What are corporate actions?
Put simply, corporate actions are the decisions and actions taken by a company’s board of directors and invariably affect the shareholders of the company. These actions can range from issuing new shares or repurchasing them to paying out dividends, splitting the stock…the list goes on.
Picture a company as a ship sailing on the stock market seas. The captain of this ship charts the future course of their journey. The captain’s route is similar to the decision of a company’s board of directors.
(Instead of water, the ship will be sailing on the sea of stocks)
A ship’s voyage can be affected by rough waters and strong winds. Similarly, corporate actions can have a big impact on the financials of the company. As an investor, you need to follow these financials. As they will ultimately drive the company’s share price.
Impact on Shareholders
Any corporate action, be it positive news of business expansion or an unfavourable decision of layoffs, can impact shareholders. These include both internal and external shareholders. You become an external investor if you invest in a company through a stock exchange.
Now that this is clear, let’s take the example of a layoff at Zomato –
In 2022, reports were floating around about Zomato laying off 13 per cent of its workforce. Why? The reason is quite apparent – to cut costs amid inflation. Layoffs are a corporate action which can impact a company’s image among investors.
Around that time, a BusinessToday report stated that Zomato shares plunged 4 per cent on the Bombay Stock Exchange. Why? Apparently, the layoff news impacted investor sentiment. Thus, many investors decided to sell off their holdings in Zomato.
This is just one example of corporate actions impacting shareholders. But, as a stock market observer, these corporate actions can help you predict how a stock may perform.
What is the dividend of the stock market?
A dividend is a portion of a company’s profits paid to its shareholders. For example, let’s say that you own 100 shares of Tata Motors stock, and the company decides to pay a dividend of Rs.100 per share.
This means that you’ll receive a payout of Rs.10,000. This can be a great way to earn passive income from your investments.
Here’s something interesting: Dividend Aristocrats, Dividend Kings
Have you heard of ‘Dividend Aristocrats’? They are the companies that have consistently increased their dividends for 25 years or more. By similar logic, ‘Dividend Kings’ are the ones who have increased their dividends for 50 years or more. These companies are considered reliable sources of income for investors. It’s no surprise that their shares sell like hotcakes among retirees and those seeking a steady income from investments.

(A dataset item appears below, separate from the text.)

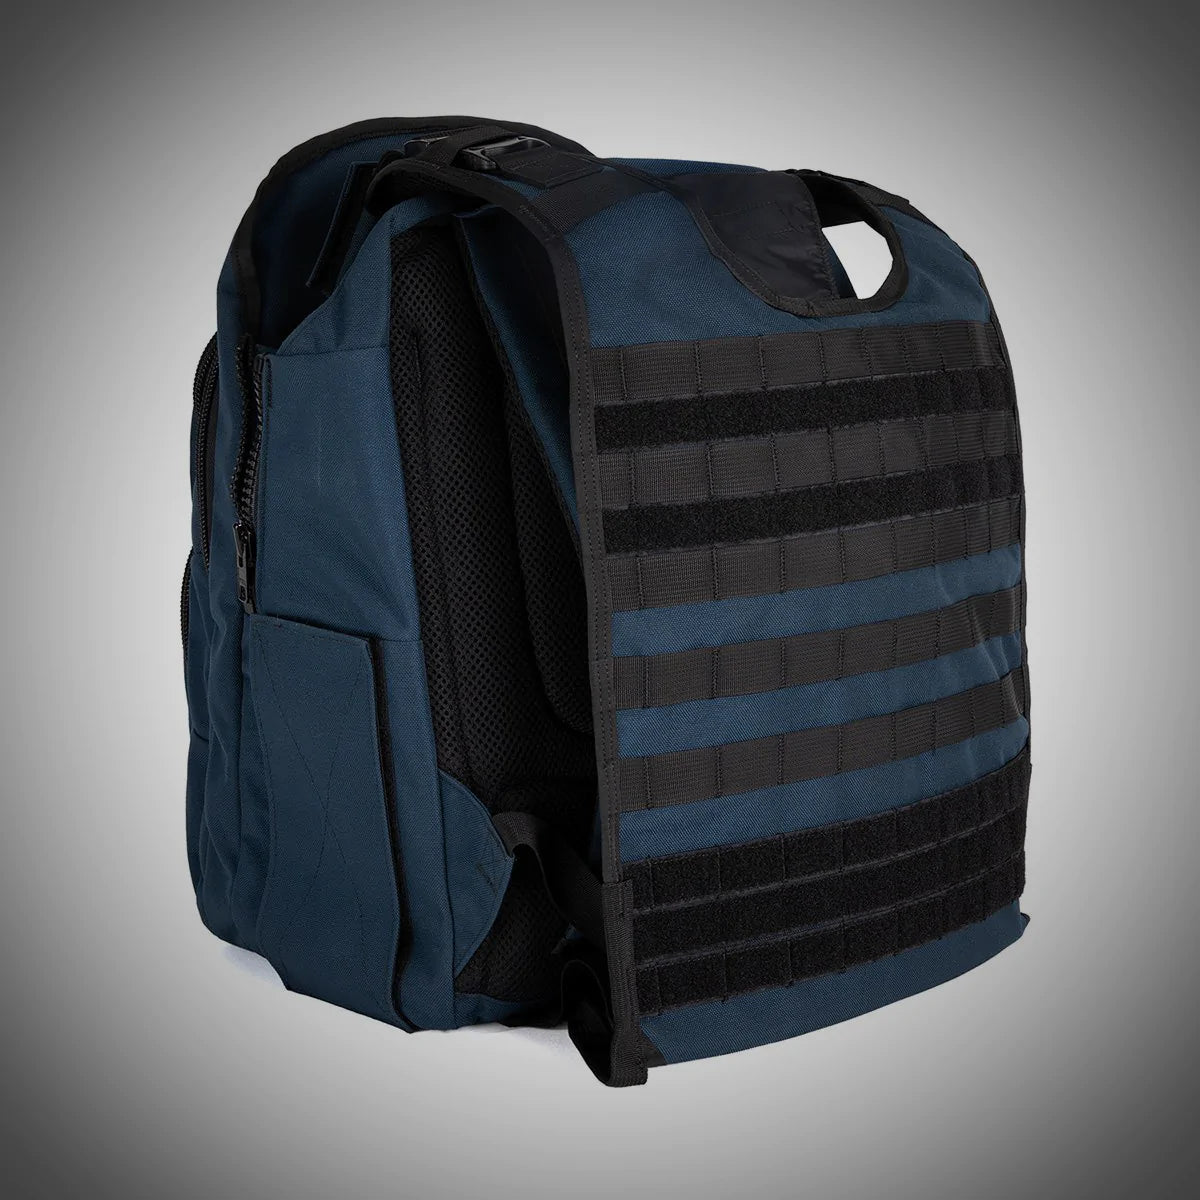 Gray Man Ballistipac Bullet Proof Tactical Backpacks (Backpack Only, Body Armor Sold Separately)

What is a rights issue in the stock market?
A rights issue is a type of corporate action where a company gives its existing shareholders the right to buy additional shares at a discounted price. Think of it as a way for the company to raise capital while giving its current shareholders the first chance to invest.
Generally, offering a rights issue is a faster way to raise capital compared to a follow-up price offer. Why? Because a rights issue is directed at shareholders, while FPO is directed at investors in general. The chances of investing are higher among shareholders compared to investors.
For example, let’s say that you own 100 shares of XYZ Company, and the company decides to issue a rights issue of 1 new share for every 2 shares you already own. This means that you would be entitled to receive 50 new shares. Along with increased stakes in the company, you also get a discounted price to purchase them. Sounds like a win-win situation for both – shareholders and the company.
Rights issue vs dividend vs stock bonus
A rights issue allows you to purchase more shares in the company. However, a dividend is a payout of the company’s profits. A stock bonus is when a company issues new shares to its shareholders for free. It’s essential to understand the differences between these actions, as each brings a different type of value to the table.
Confused? Let’s put things into perspective. Consider the three corporate actions as revenue streams., from the same company. Assume you’re a shareholder in the firm. Under a rights issue, you can purchase additional shares at a discounted rate in a specific ratio. Thus, your stake in the company increases.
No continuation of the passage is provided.